(Data)
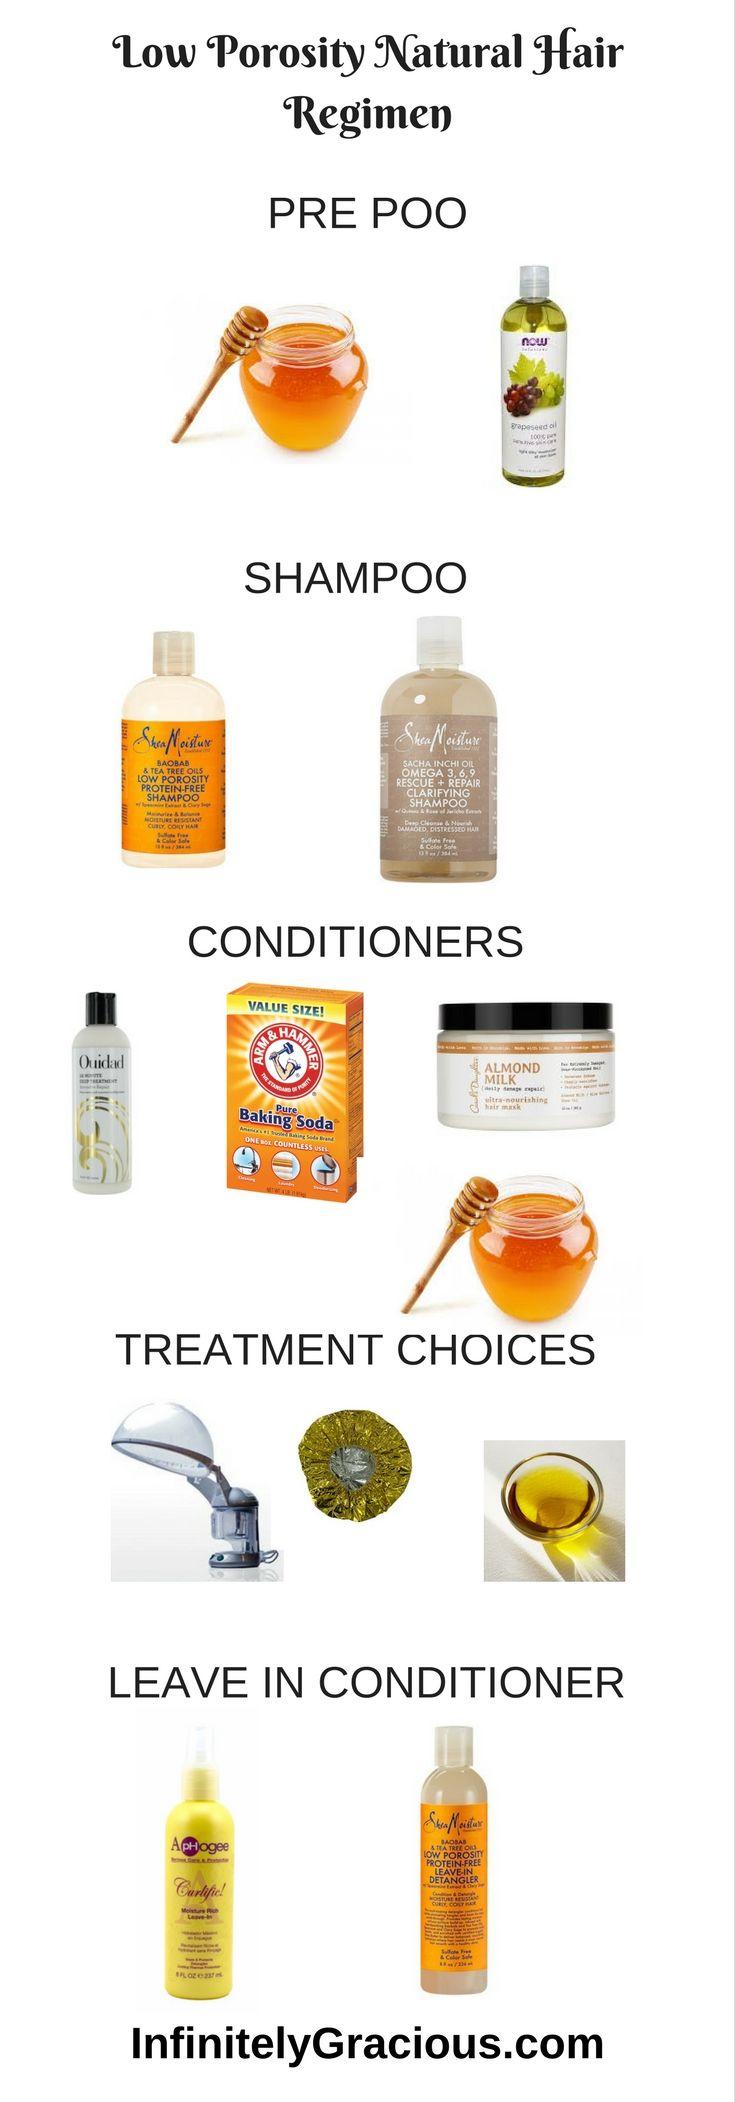 Low hair porosity regimen that works! Use the Hair porosity test to build an Epic Natural Hair Regimen that Works.
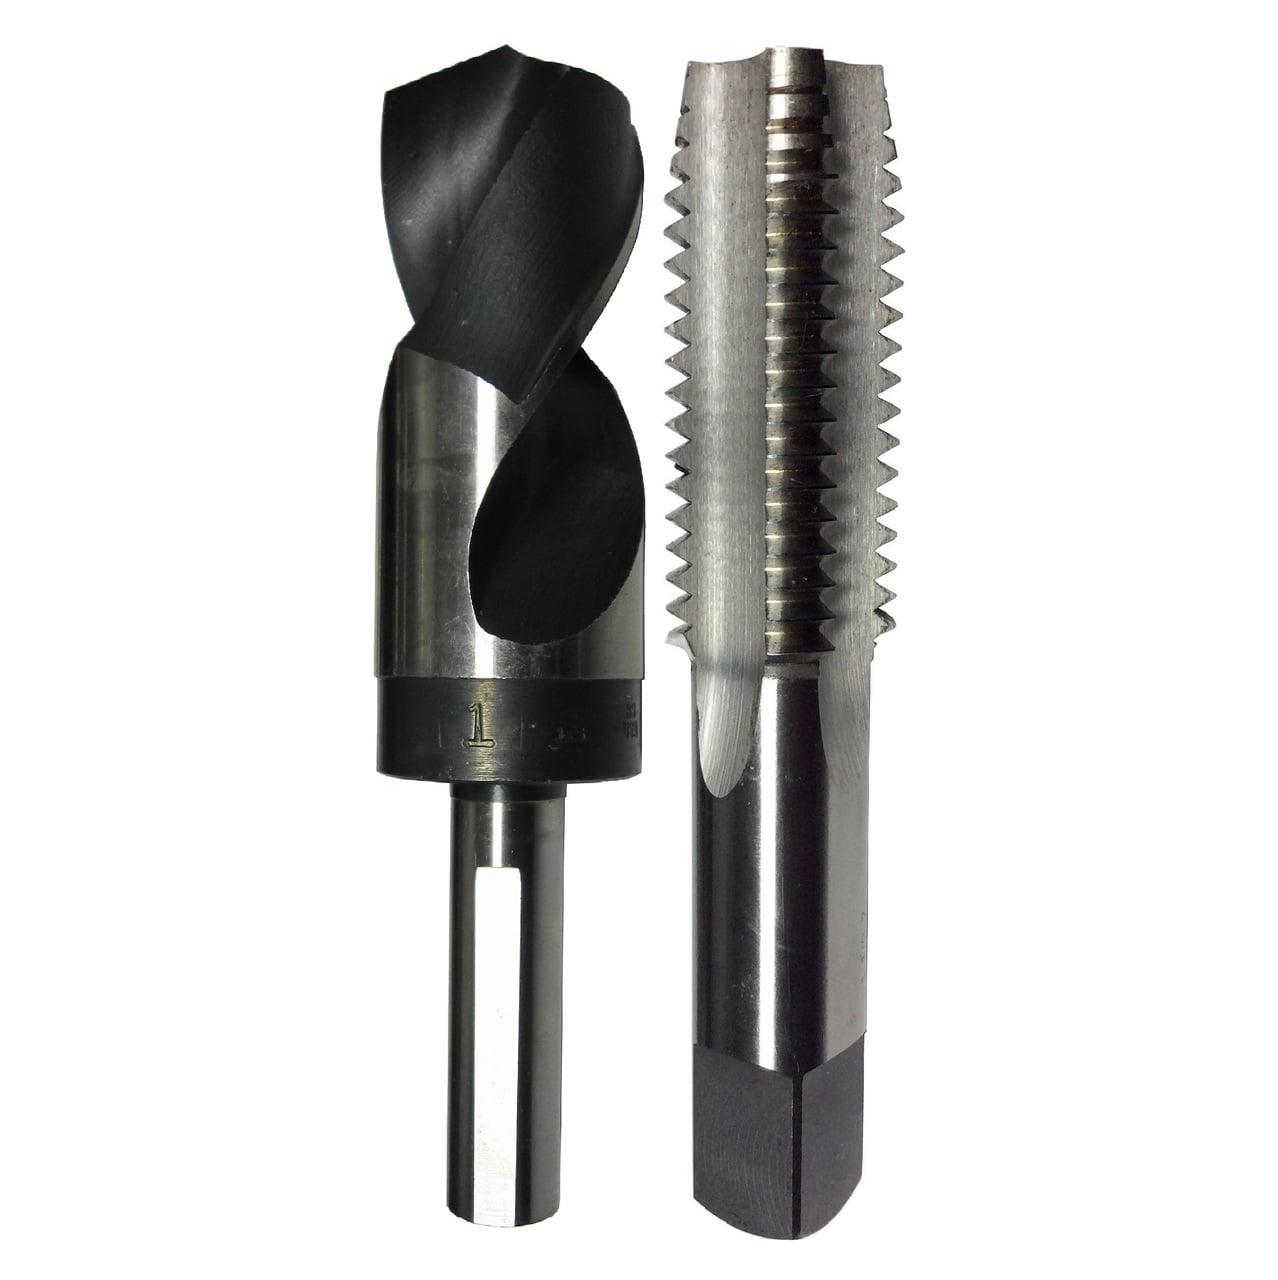 Pack of 1 Drill America m22 x 1.25 High Speed Steel Plug Tap,
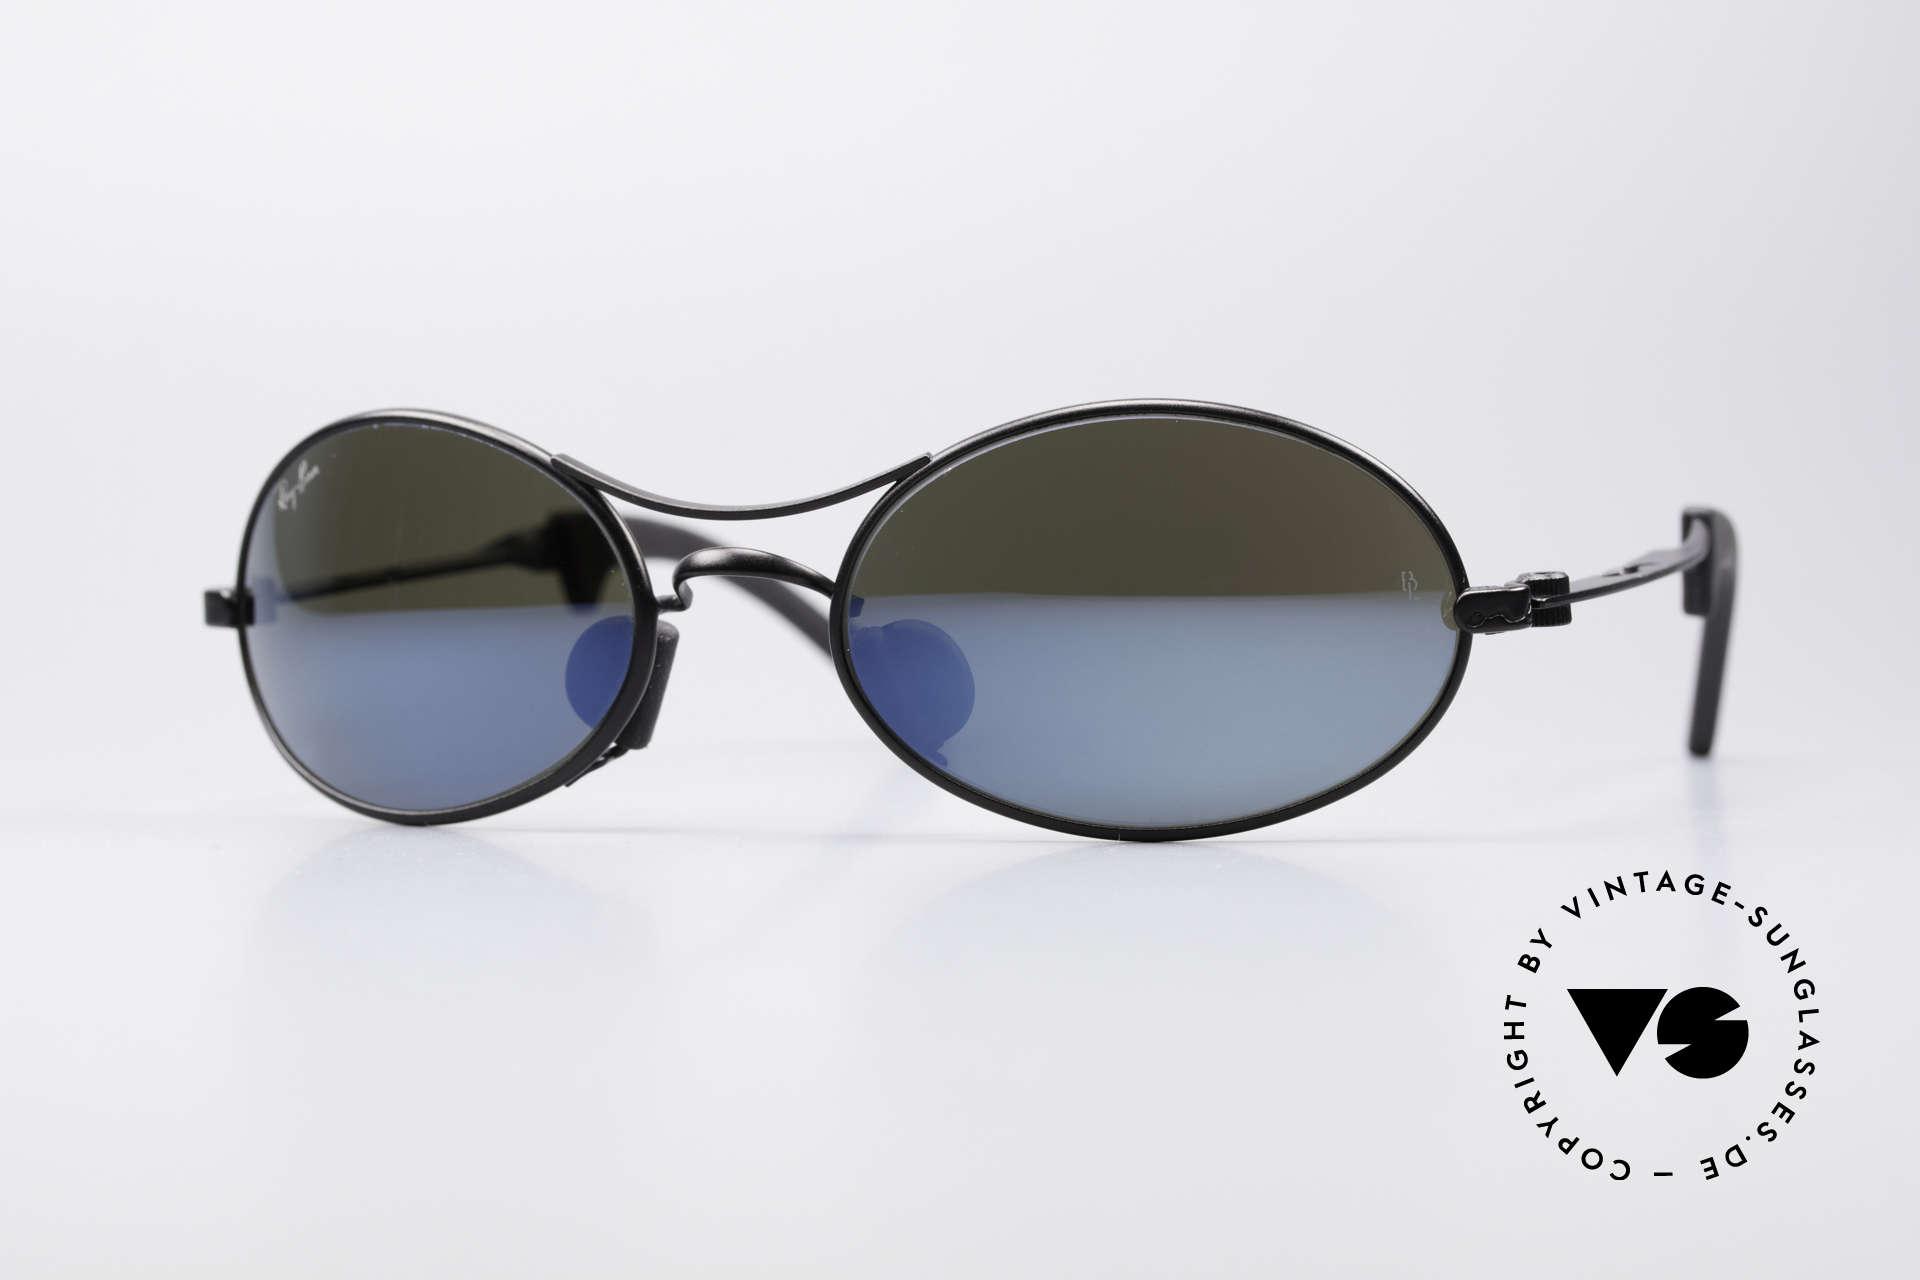 Ray Ban Orbs 9 Base Oval Blue Mirror B&L USA Shades, futuristic sports designer sunglasses by Ray Ban; B&L, Made for Men
(End Data)
**Your objective**
Before you return the listing, strip out its pictures; all else must match exactly.

**Solution**
 Low hair porosity regimen that works! Use the Hair porosity test to build an Epic Natural Hair Regimen that Works.
 Pack of 1 Drill America m22 x 1.25 High Speed Steel Plug Tap,
 Ray Ban Orbs 9 Base Oval Blue Mirror B&L USA Shades, futuristic sports designer sunglasses by Ray Ban; B&L, Made for Men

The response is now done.